Part of the magic of Kim’s films is that the interaction, the expression, is largely conveyed without words. There’s no lengthy explanations of how characters feel, or why they behave as they do, or what they want. They simply act and react, letting the emotions show through. And you can be assured that, in a Kim Ki Duk film, these ordinary emotions will be expressed in ways that take us beyond our everyday world. So Hye-mi doesn’t abuse Jin-ah: she simply snatches the toothpaste when Jin-ah reaches for it. When Jin-ah and Hye-mi’s father (as the inn’s owner) are arrested and jailed briefly, Jin-ah’s wordless tears provoke a clumsy gesture of comfort that mistakes the cause and makes her cry all the harder.

Lee Hae-eun, as Hye-mi, the daughter of the brothel owners who resents her family’s business, is captivating. Her forceful and constant rejection of Jin-ah is played straight and without histrionics, and her development over the course of the film is gradual and credible. There’s a strong thread of sexual awakening, and acceptance or rejection of aspects of sexual interaction, which demonstrate Kim’s mastery. No predictable plot for him, in this or any other aspect: his characters each come to their own accommodation, each finding within themselves not an answer, but a means of surviving.

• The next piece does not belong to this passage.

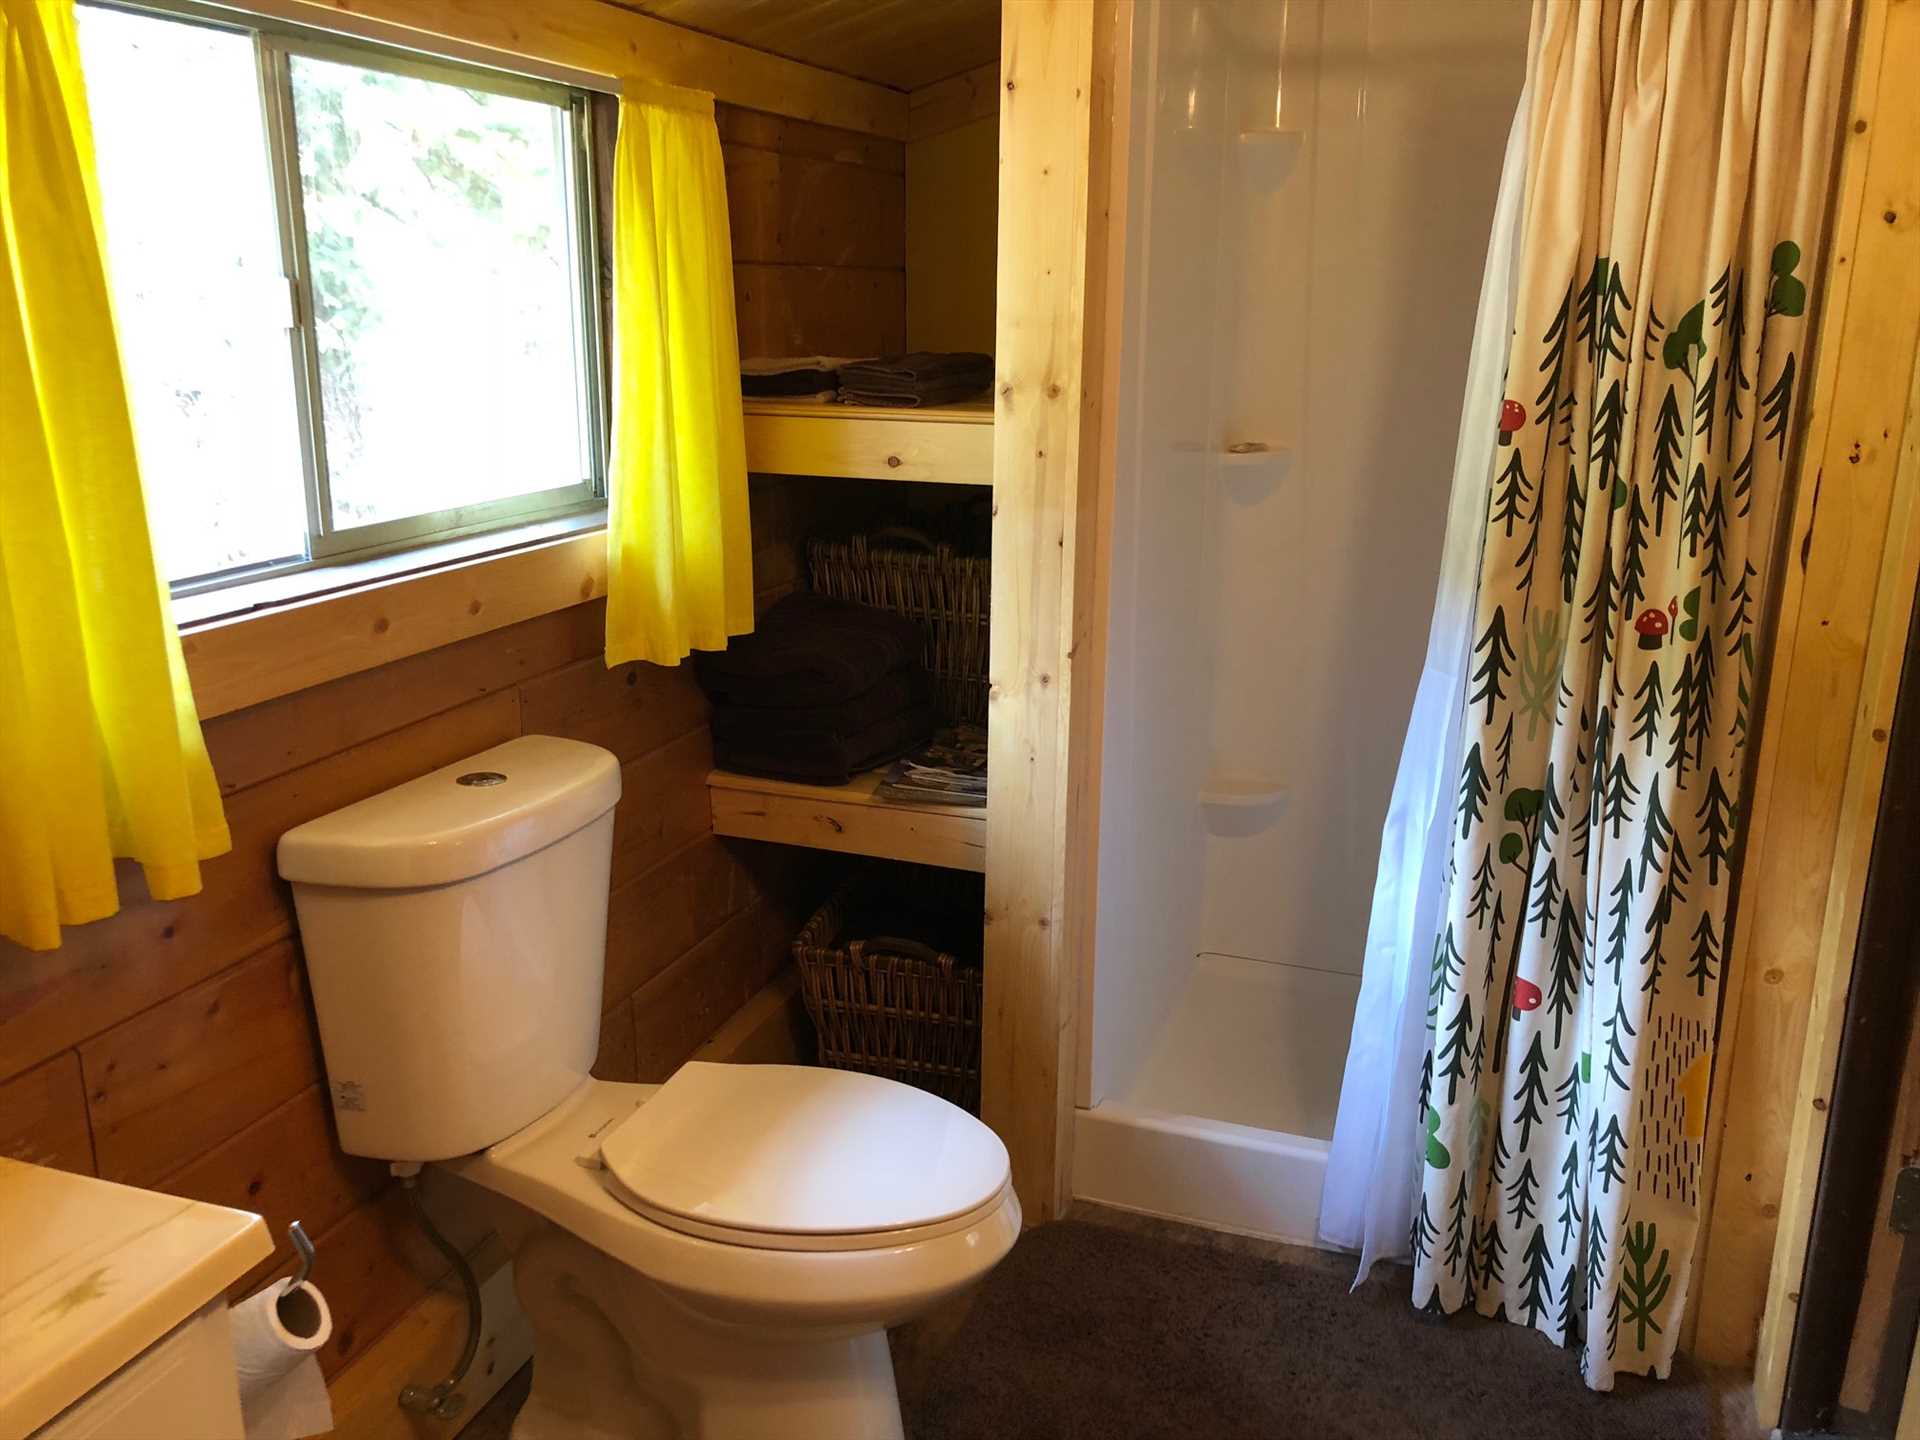 Newly Remodeled Bathroom with Shower

Another aspect of Kim’s films that causes me trouble is that they’re just so damned hard to write about. It’s very difficult to describe the journey contained somehow between opening and closing credits, except to say that it is a journey, an odyssey, an experience that changes the viewer forever. Kim’s films are slow, meandering, and filled with the pain of ordinary people. They’re not comfortable films, nor easily digested, nor will they appeal to all. But they are films that will make you think. Films that will return to your mind day after day. Films that will make you question some of your assumptions about the world and its ways. And, most of all, films that will make you feel, intensely.

8.5 shoes left forlorn in the snow out of 10.